● Work instruction
Give the listing again word for word. Leave every image out.

● Data provided
-- Opening Marker --
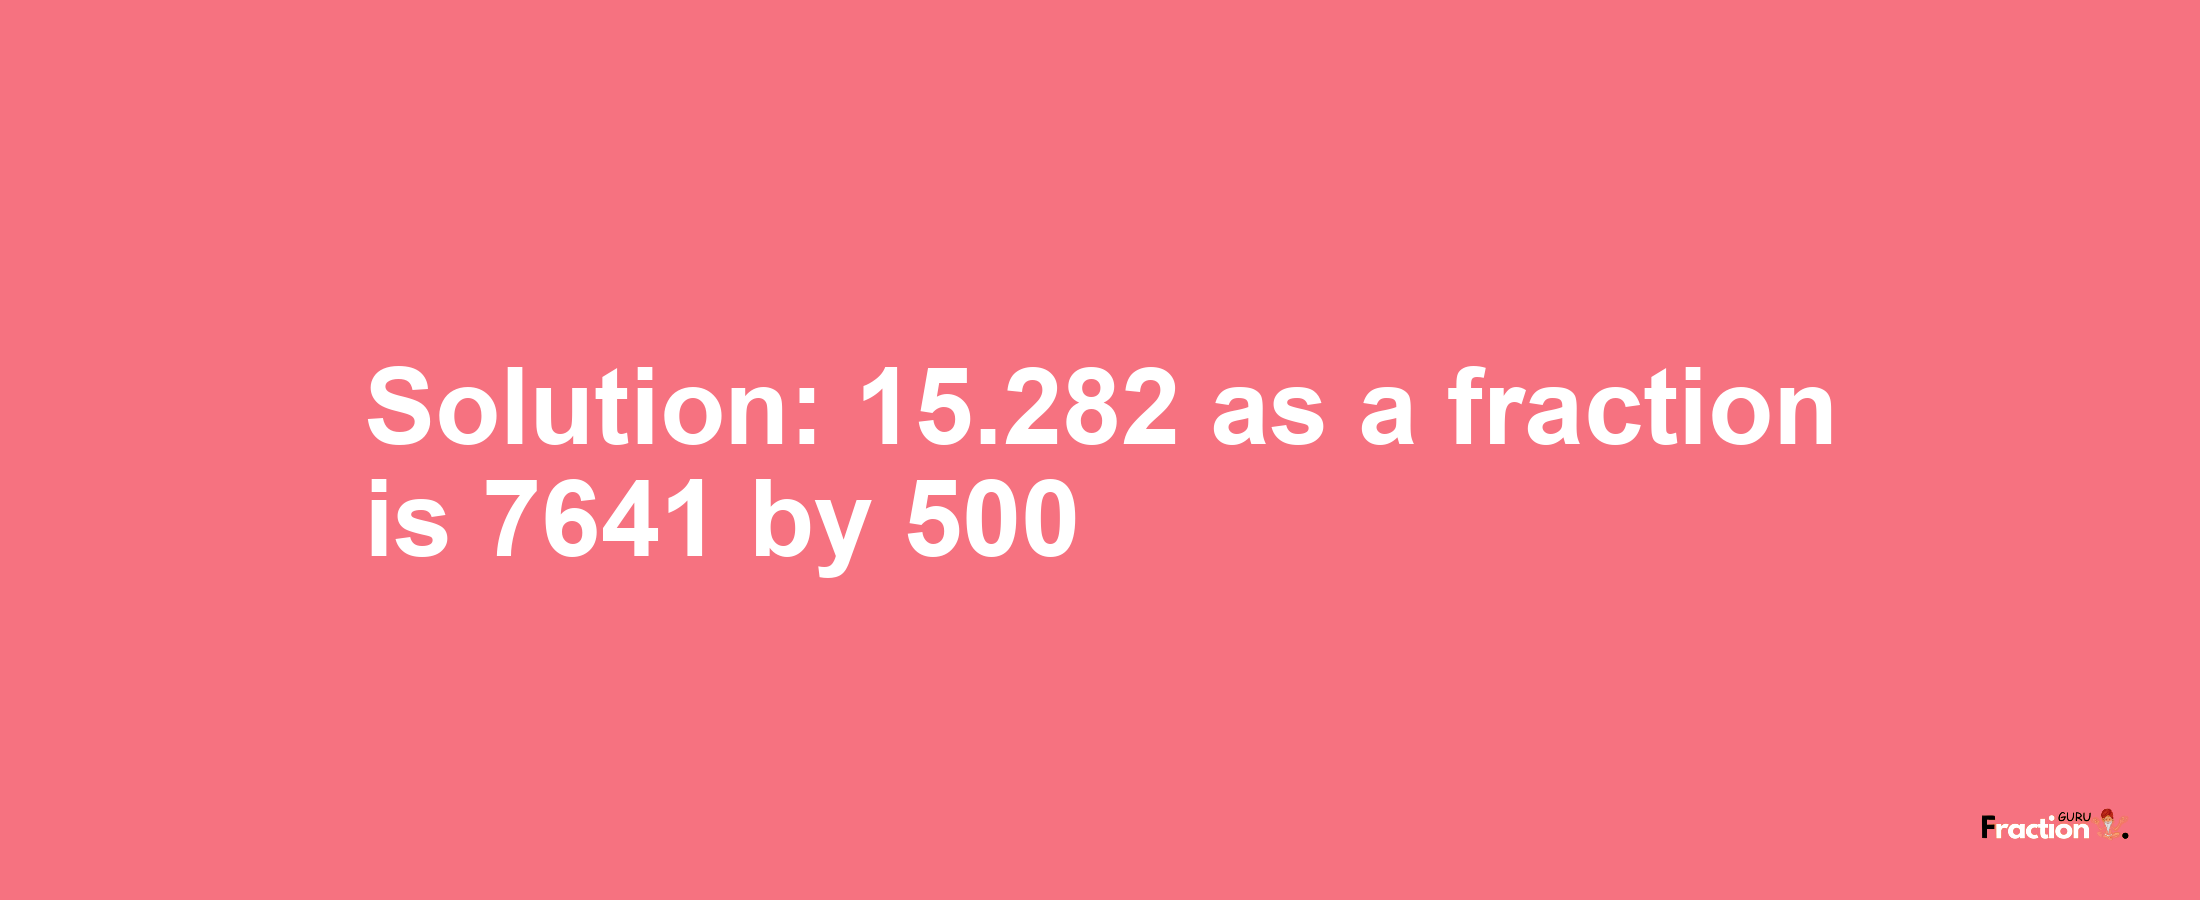 Solution:15.282 as a fraction is 7641/500
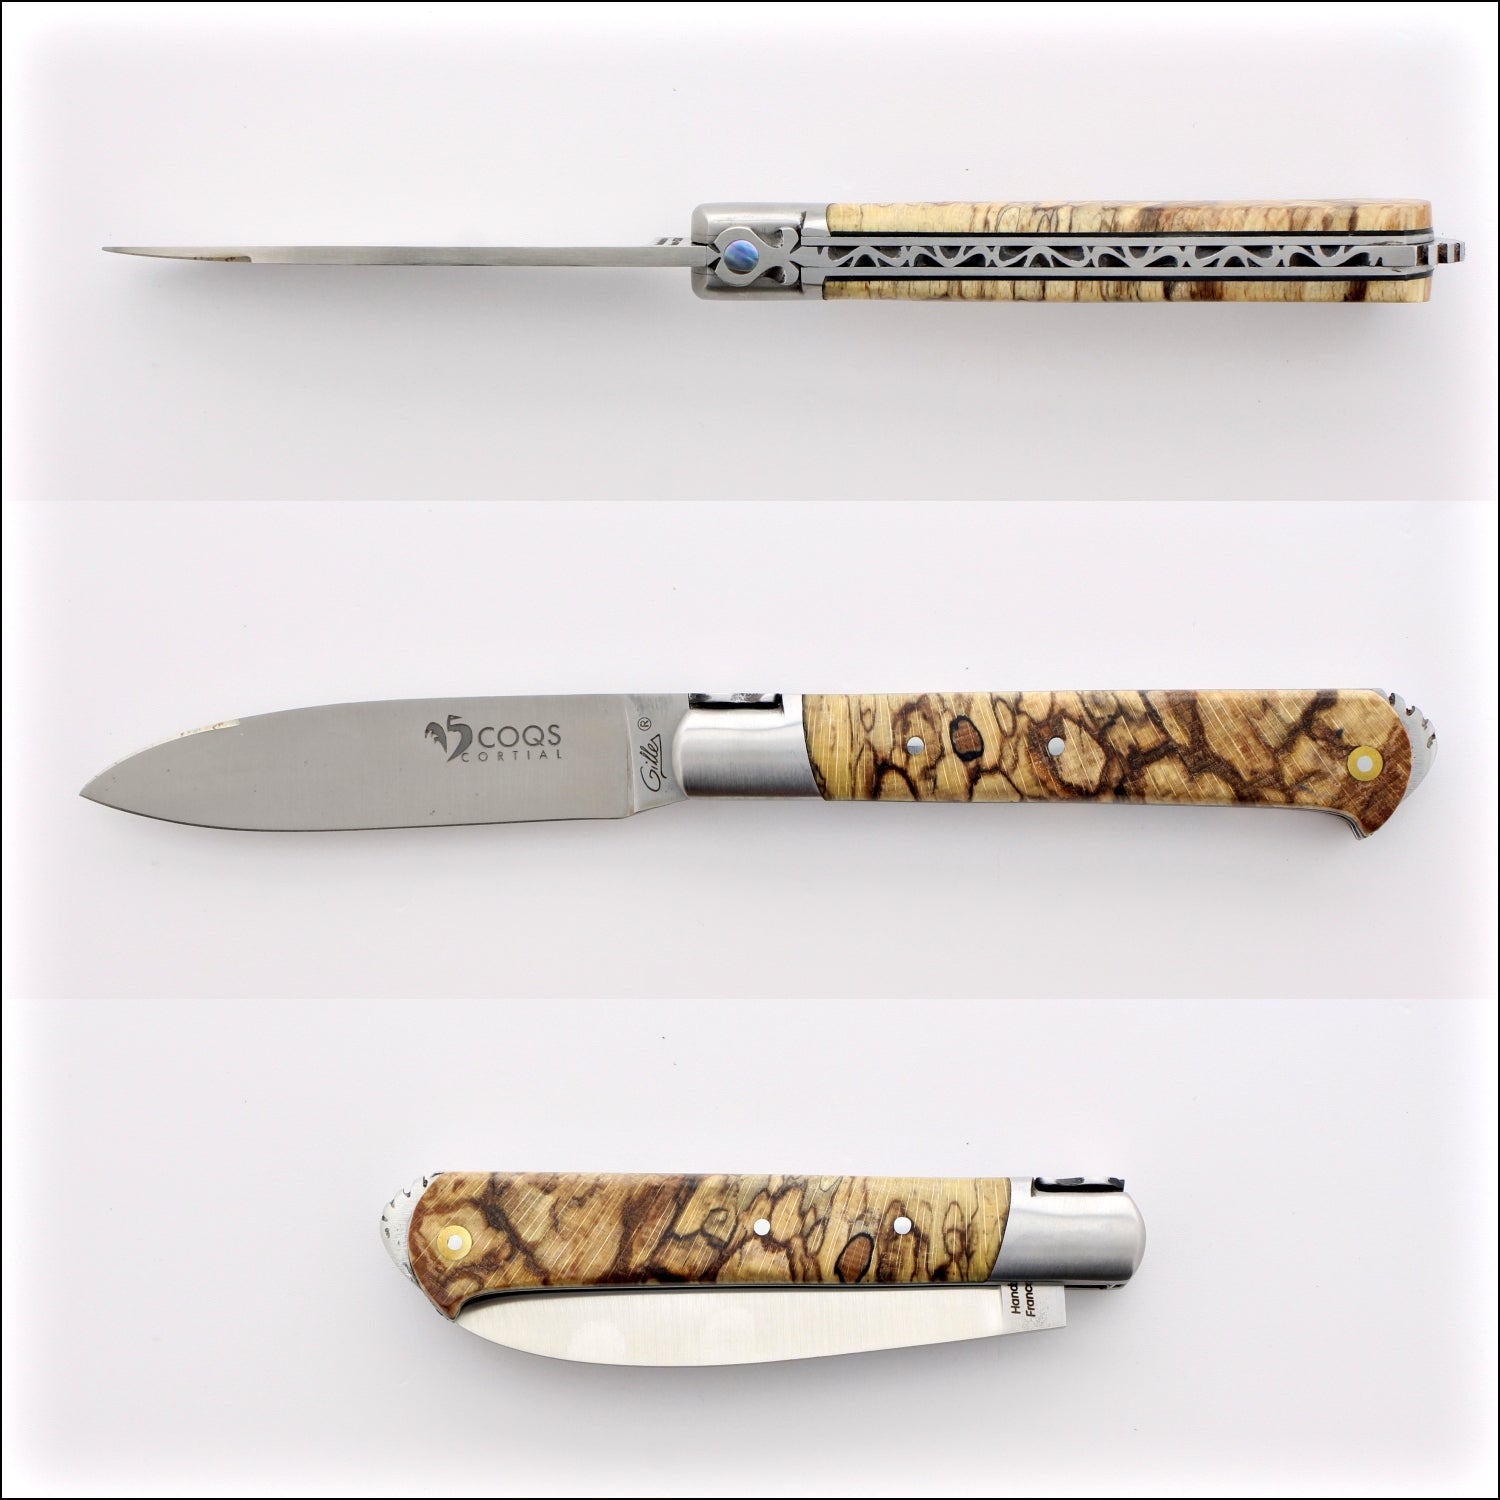 5 Coqs Pocket Knife - Burled Beech End Grain & Mother of Pearl Inlay
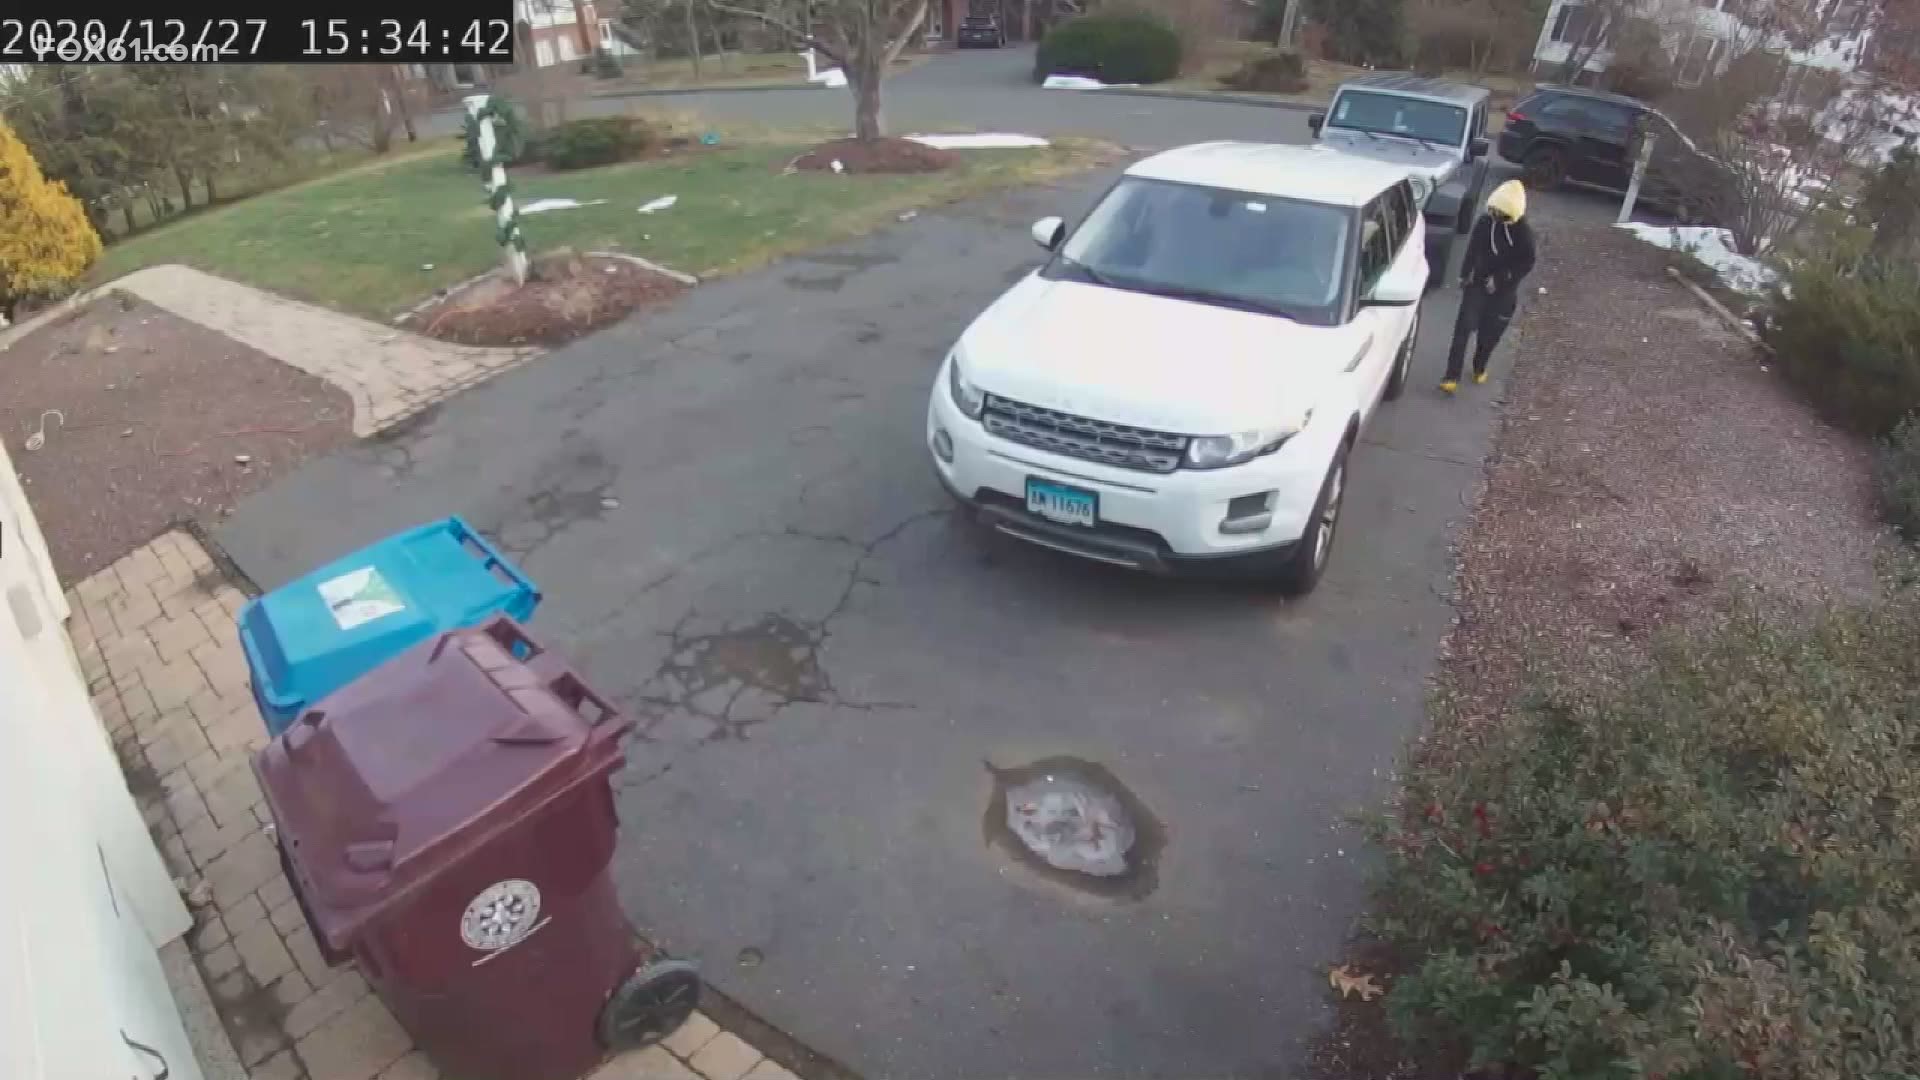 A Farmington family was shocked to find their car stolen, even though it was blocked in their driveway
-- Closing Marker --
● Solution to the exercise
 Solution:15.282 as a fraction is 7641/500
 5 Coqs Pocket Knife - Burled Beech End Grain & Mother of Pearl Inlay
 A Farmington family was shocked to find their car stolen, even though it was blocked in their driveway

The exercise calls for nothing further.